BLEU (Bilingual Evaluation Understudy)
- Description: BLEU is a commonly used metric for evaluating the quality of machine translations. It measures the overlap of words between the generated translation and one or more reference translations.
- Value Range: 0 (worst) to 1 (best). The closer to 1, the better the match with the references.
- How to Read: A BLEU score of 1 indicates a perfect match with the references, while lower values indicate less similarity.
ROUGE (Recall-Oriented Understudy for Gisting Evaluation)
- ROUGE-1 (unigram overlap):
- Description: Measures the overlap of unigrams (individual words) between the reference and the generated output.
- Value Range: 0 (worst) to 1 (best).
- How to Read: The closer to 1, the higher the similarity in terms of individual words.
- ROUGE-2 (bigram overlap):
- Description: Similar to ROUGE-1, but measures the overlap of bigrams (pairs of words).

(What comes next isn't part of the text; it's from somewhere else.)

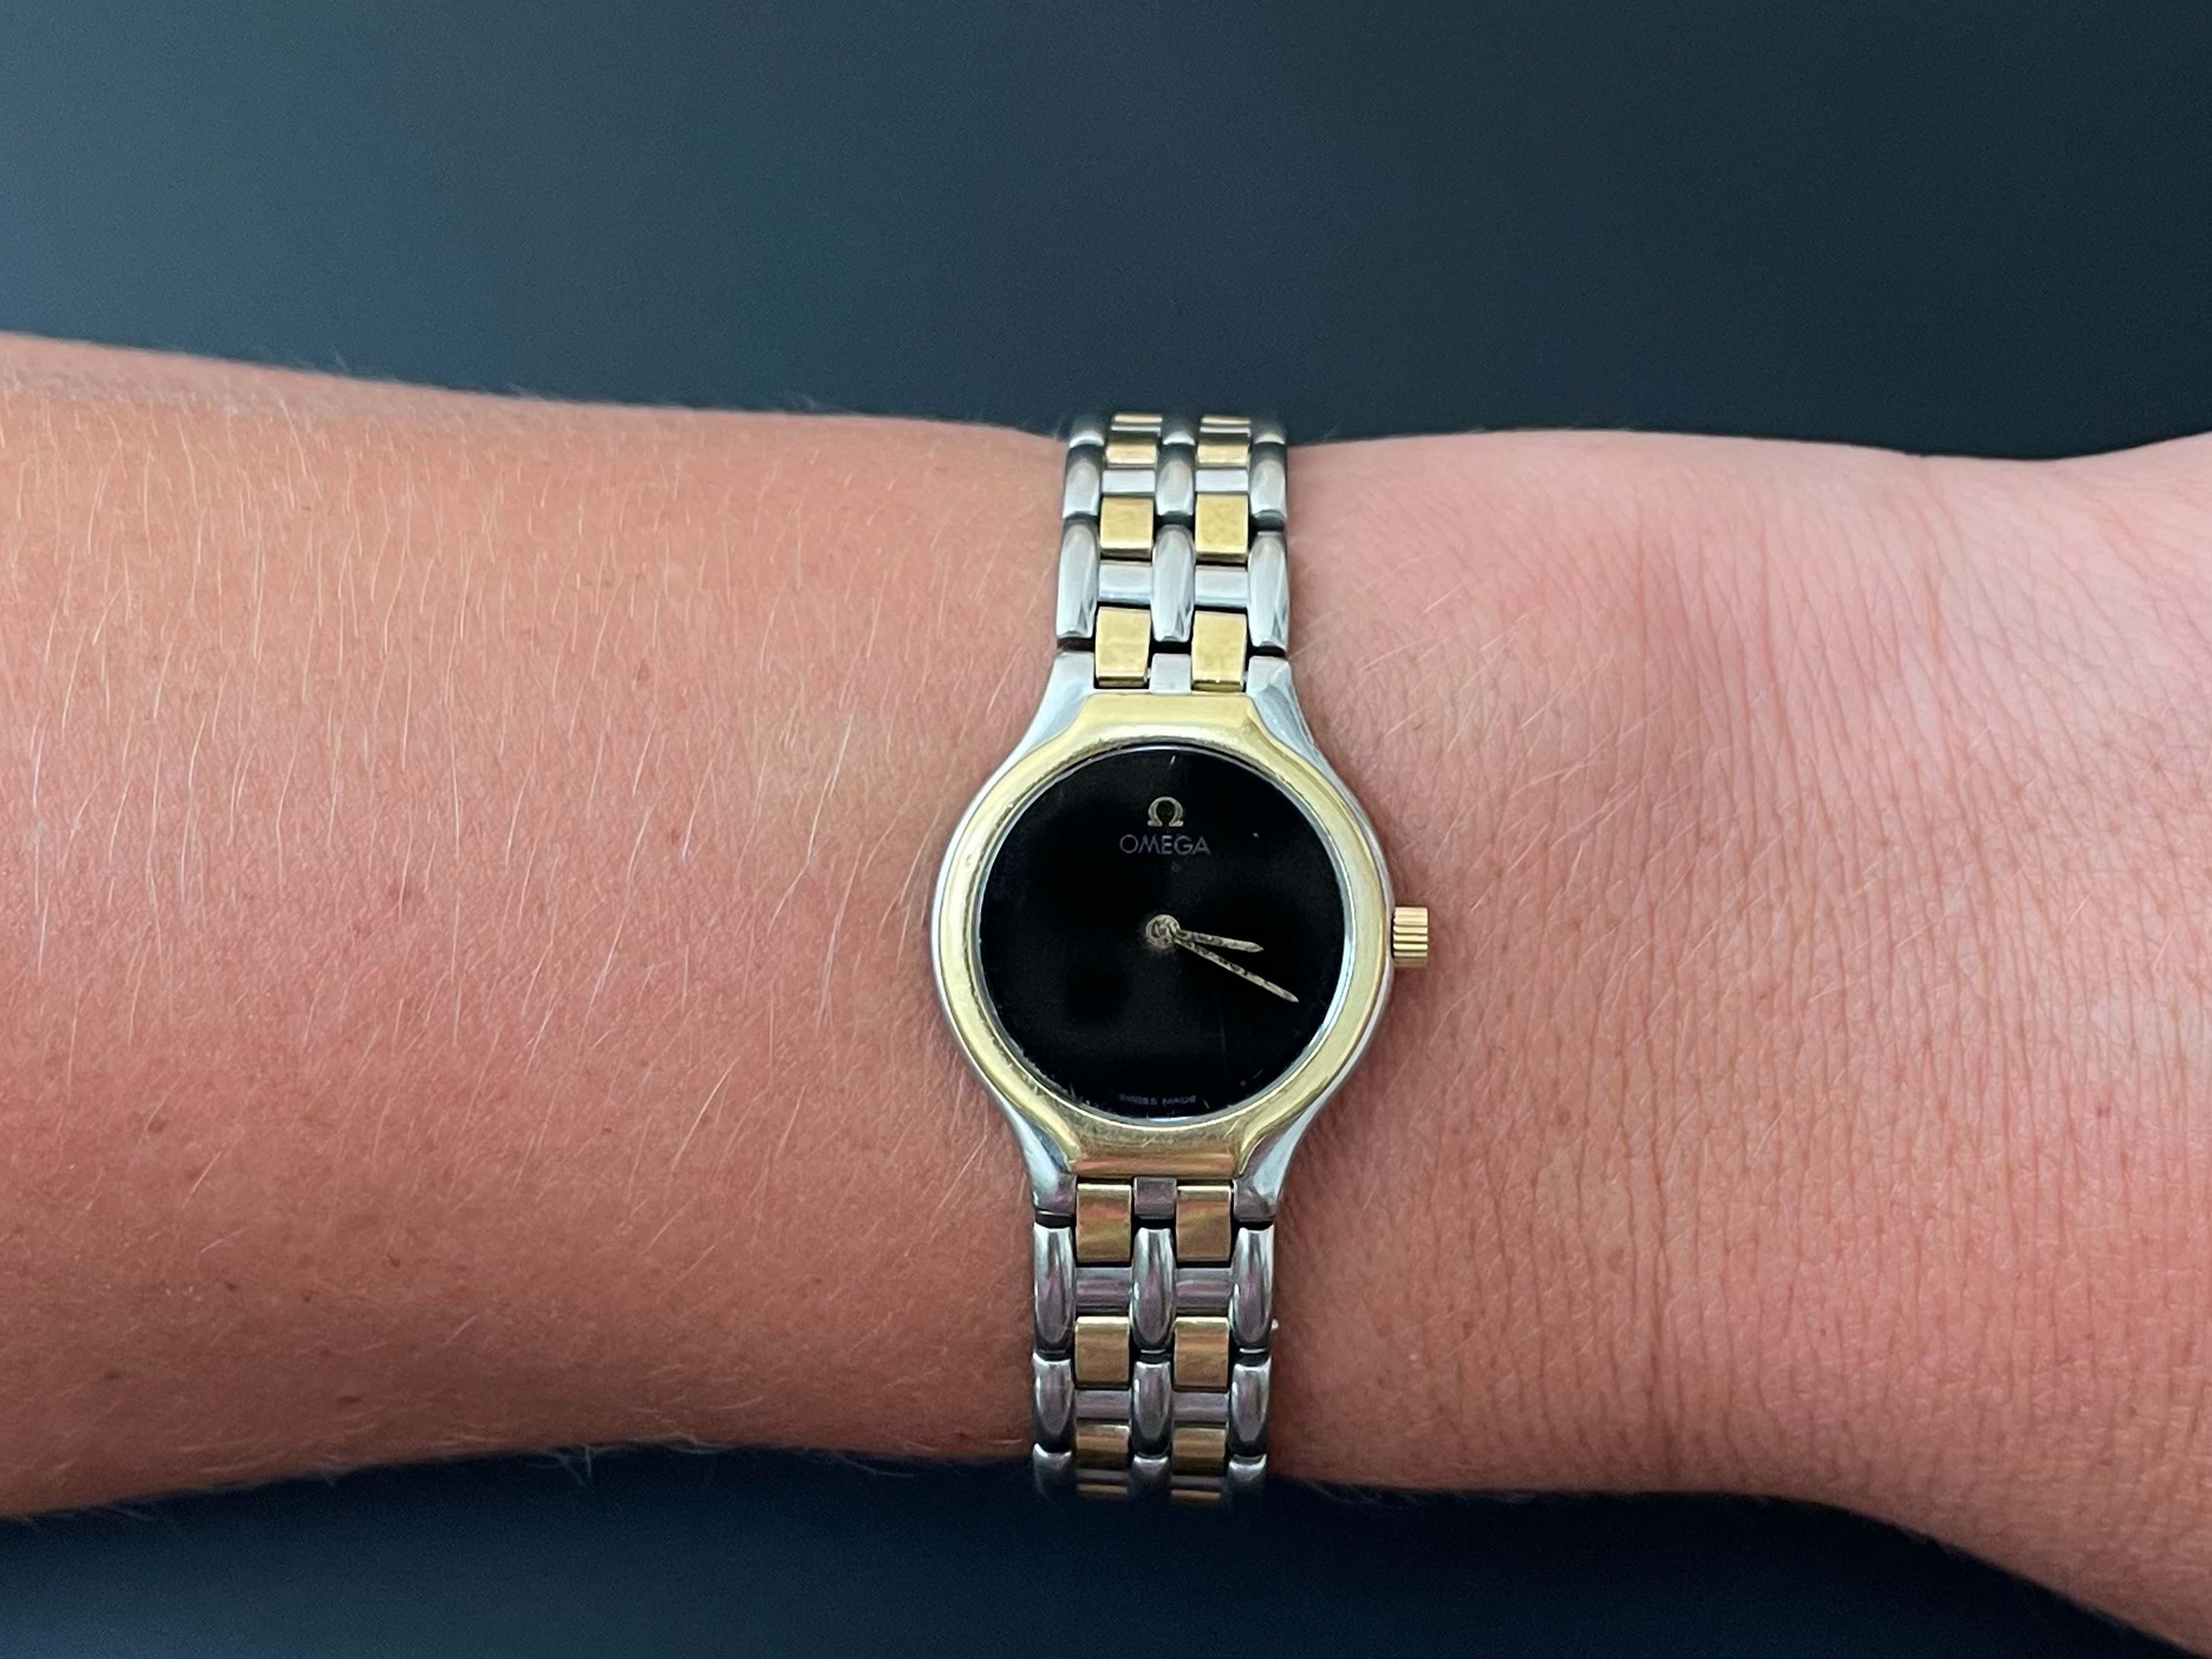 Omega 18K und Stahl Damen DeVille Uhr. Diese klassische Armbanduhr ist charismatisch und fesselnd. Sie hat ein rundes 23-mm-Gehäuse und ein schwarzes Quarzzifferblatt mit Stunden- und Minutenzeiger. Die Uhr hat eine Lünette und Krone aus 18 Karat

- Value Range: 0 (worst) to 1 (best).
- ROUGE-L (longest common subsequence):
- Description: Measures the overlap of the longest common subsequence between the reference and the generated output.
- Value Range: 0 (worst) to 1 (best).
BERT Score F1
- Description: BERT Score is a metric that evaluates the semantic similarity between two texts. It uses a pre-trained model like BERT to calculate the score.

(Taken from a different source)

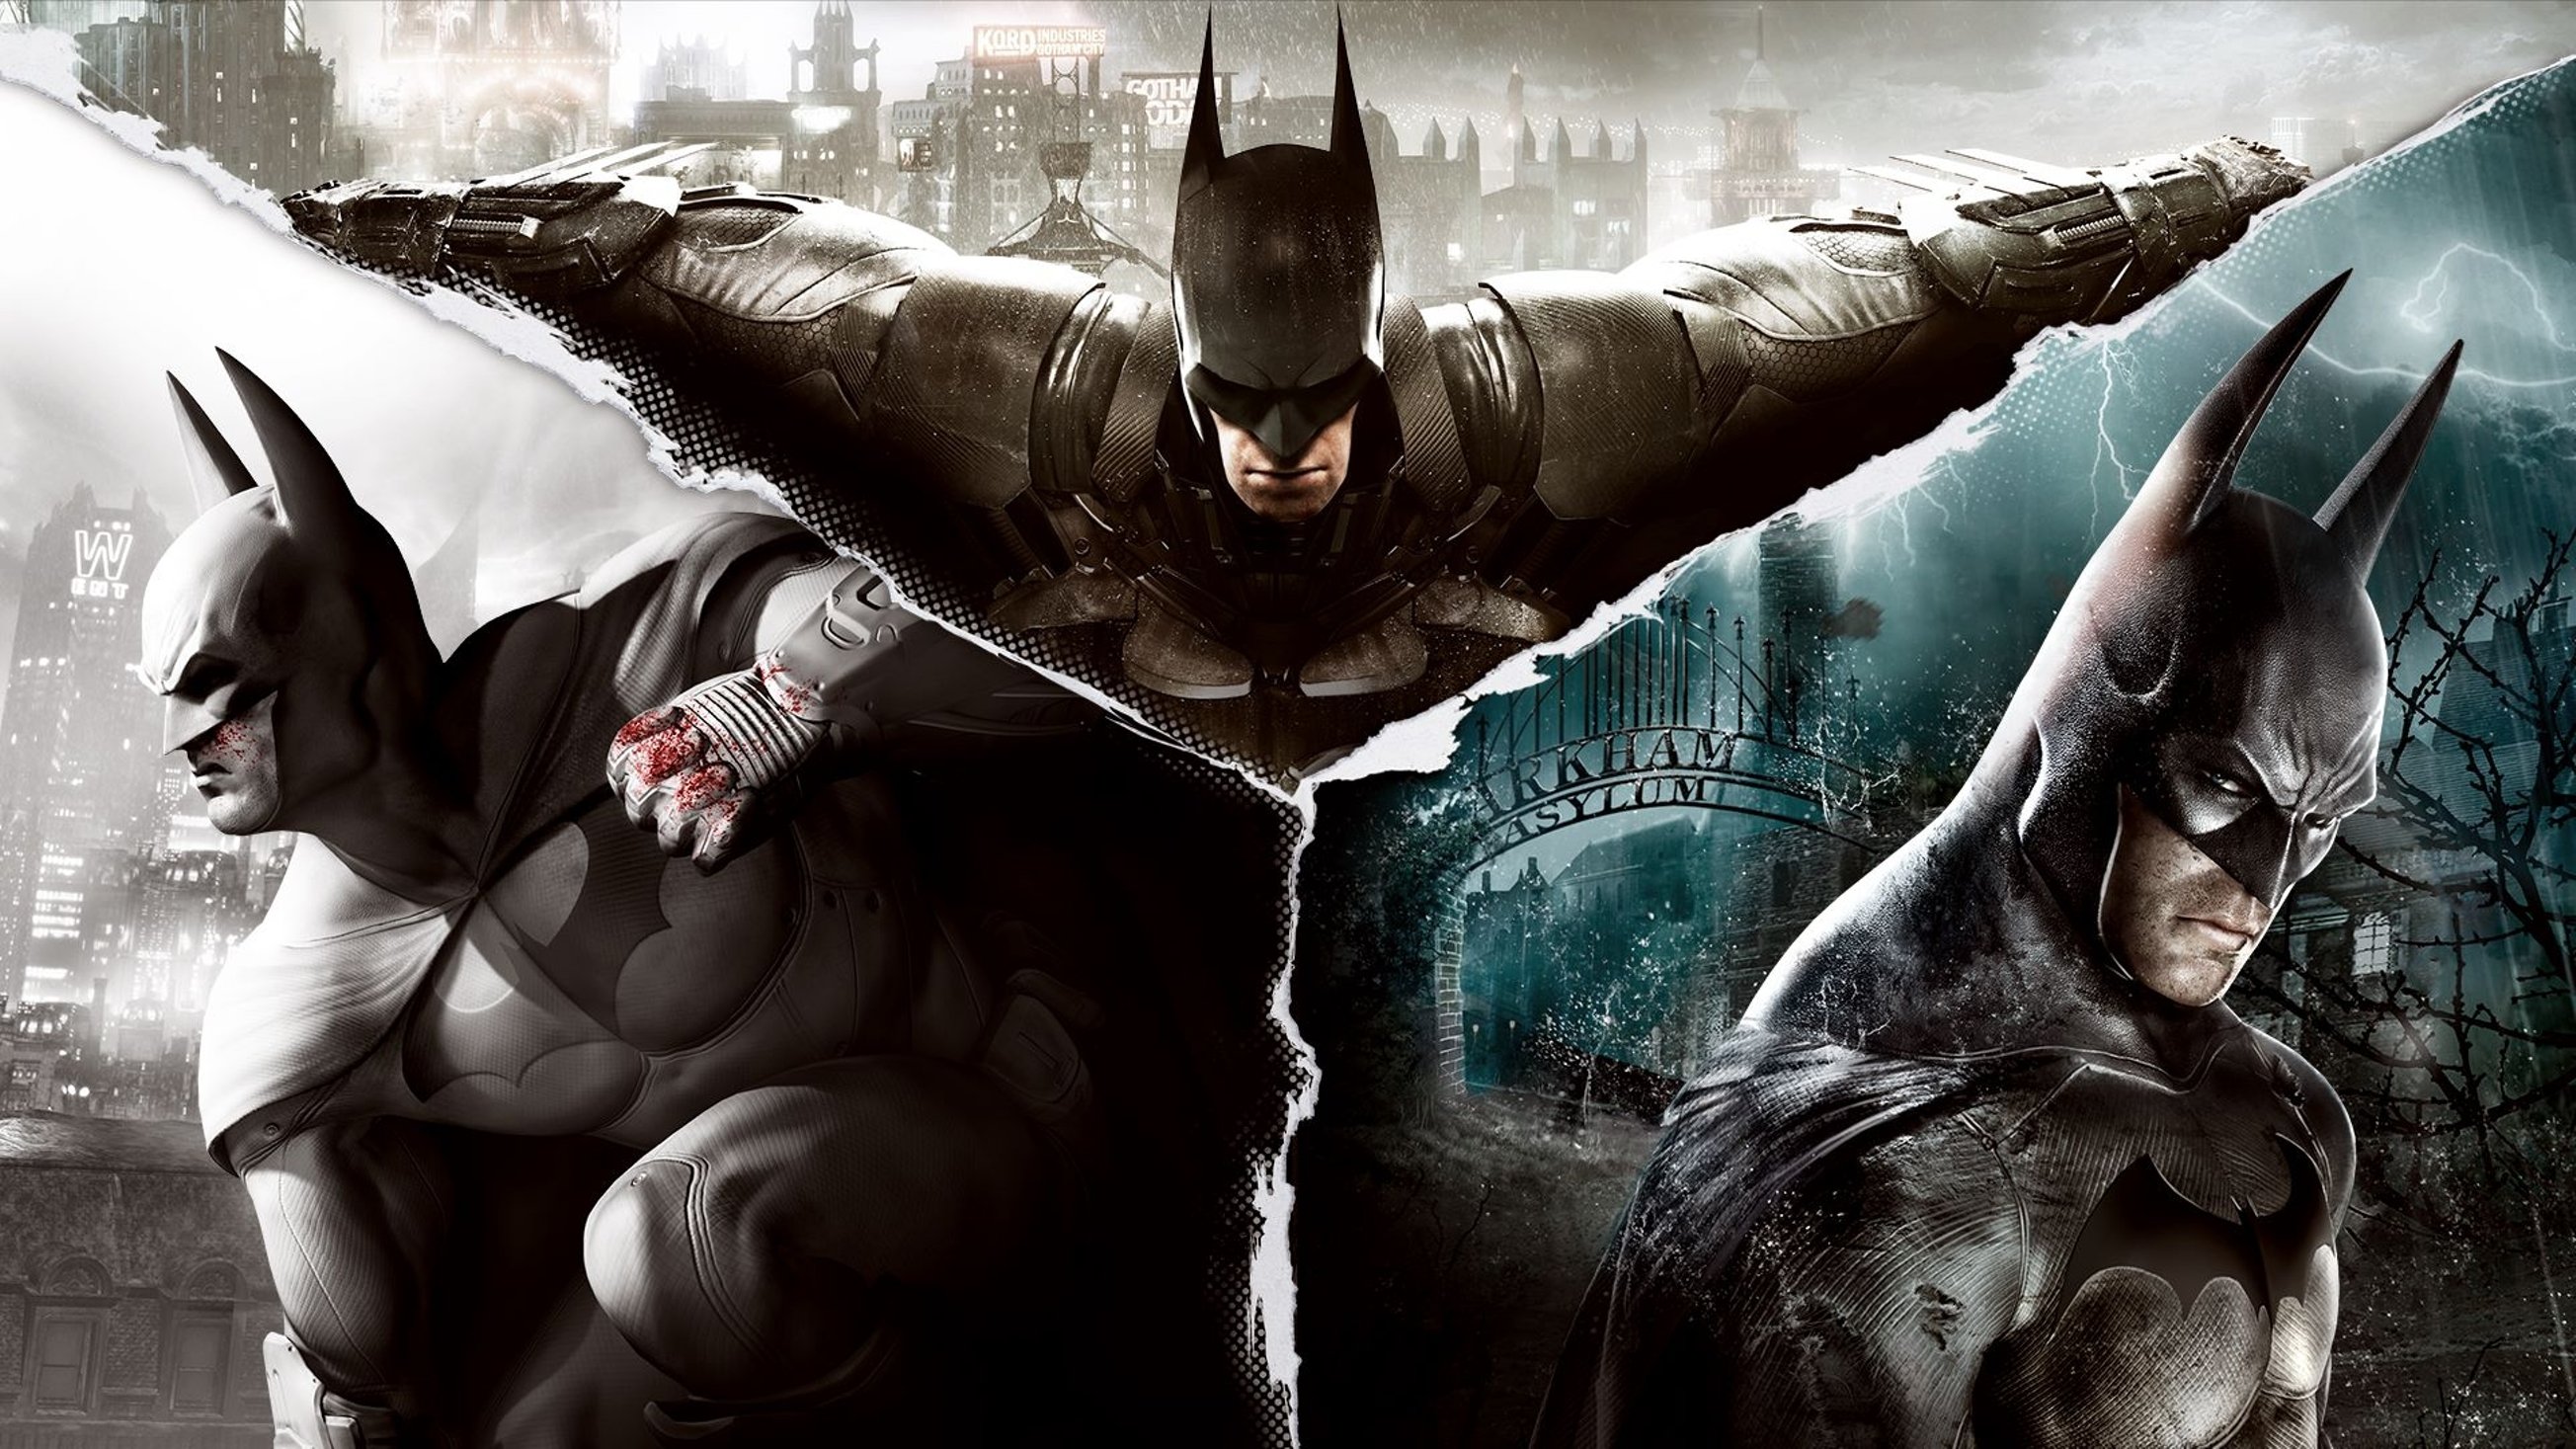 Скачать обои Бэтмен: Коллекция Аркхема на телефон бесплатно

- Value Range: 0 (worst) to 1 (best).
- How to Read: The closer to 1, the higher the semantic similarity between the reference and the generated output.
LLM Metrics
LLM metrics use the power of large language models to evaluate semantic properties of the assistant's responses. This could involve checking for relevance to the query, factual accuracy, coherence and fluency.

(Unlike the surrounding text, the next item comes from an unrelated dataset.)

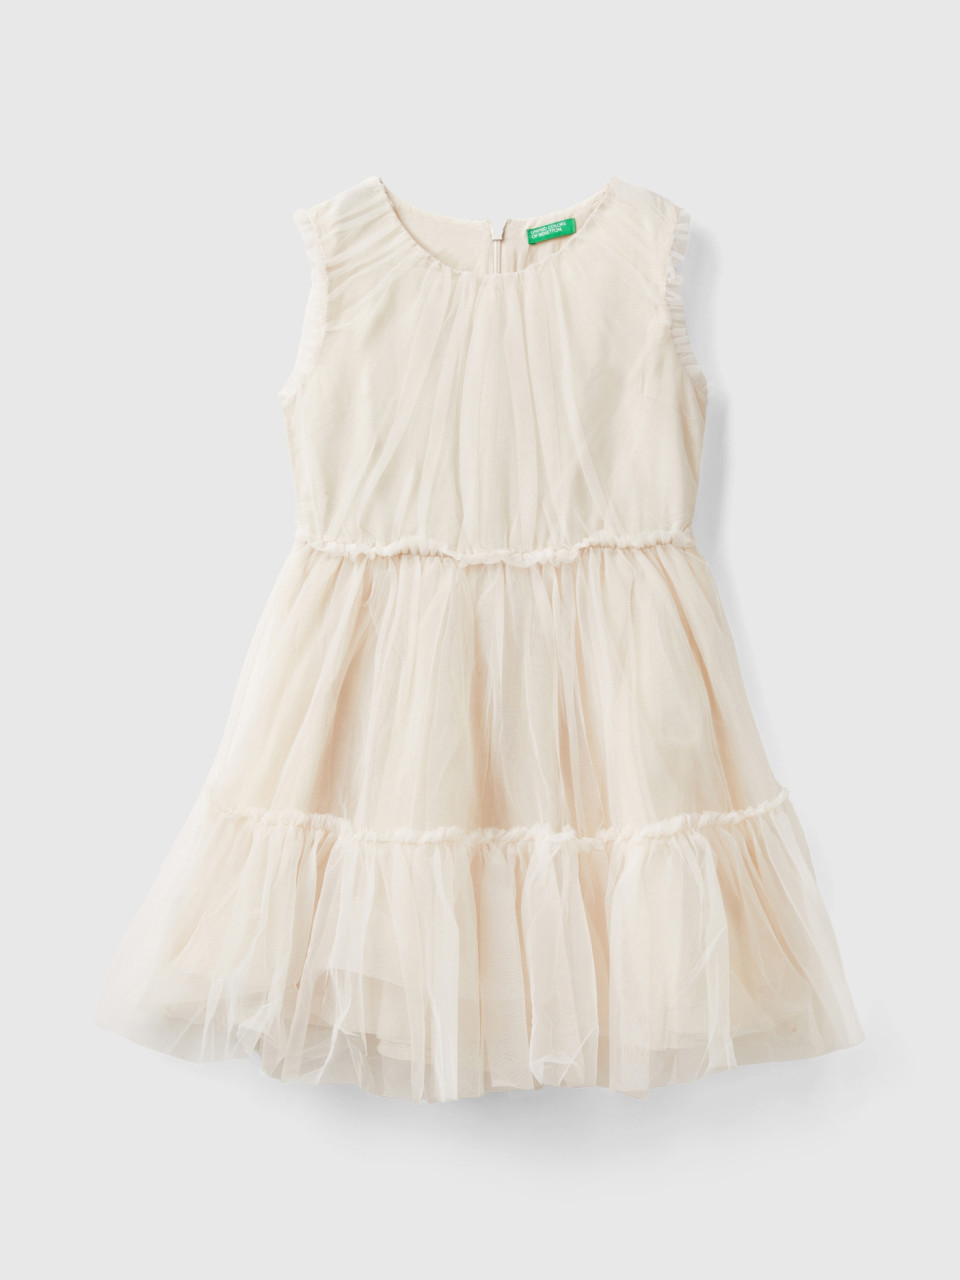 Benetton, Short Tulle Dress, Creamy White, Kids

- Description: Evaluation using the Langchain evaluator. The criterion, model, and specific prompt can be defined if desired. This evaluator uses a language model to verify that a certain criterion is met in the input text. For the 'correctness' criterion, the question, reference answer, and generated answer must be provided. The evaluator returns 0 or 1: 1 means the answer is correct, 0 means otherwise. The value returned is the average of all predictions. More information on how to configure these types of evaluators is provided in the next section.
- Value Range: 0 (worst) to 1 (best).
- How to Read: The closer to 1, the more responses are semantically correct.
Executions
Automatic evaluation typically generates insights into the assistant's performance. These dashboards might include:
- Overall scores on different metrics
- Breakdown of performance by question type or dataset
- Comparison with previous versions or benchmarks
- Highlighted areas for improvement
Benefits of Automatic Evaluation
- Consistency: Provides a standardized way to measure performance across different versions or configurations.
- Efficiency: Allows for rapid testing of changes without the need for extensive manual review.
- Scalability: Can handle large volumes of test cases that would be impractical for human evaluation.
- Objectivity: Reduces potential bias in evaluation by using predefined criteria.
Limitations
While automatic evaluation is a powerful tool, it's important to note that it doesn't replace the need for human evaluation entirely. Some aspects of assistant performance, such as nuanced understanding of context or appropriateness of tone, may still require human judgment. In conclusion, automatic evaluation serves as a critical tool in the development and maintenance of AI assistants, providing quantitative insights into performance and guiding ongoing improvements.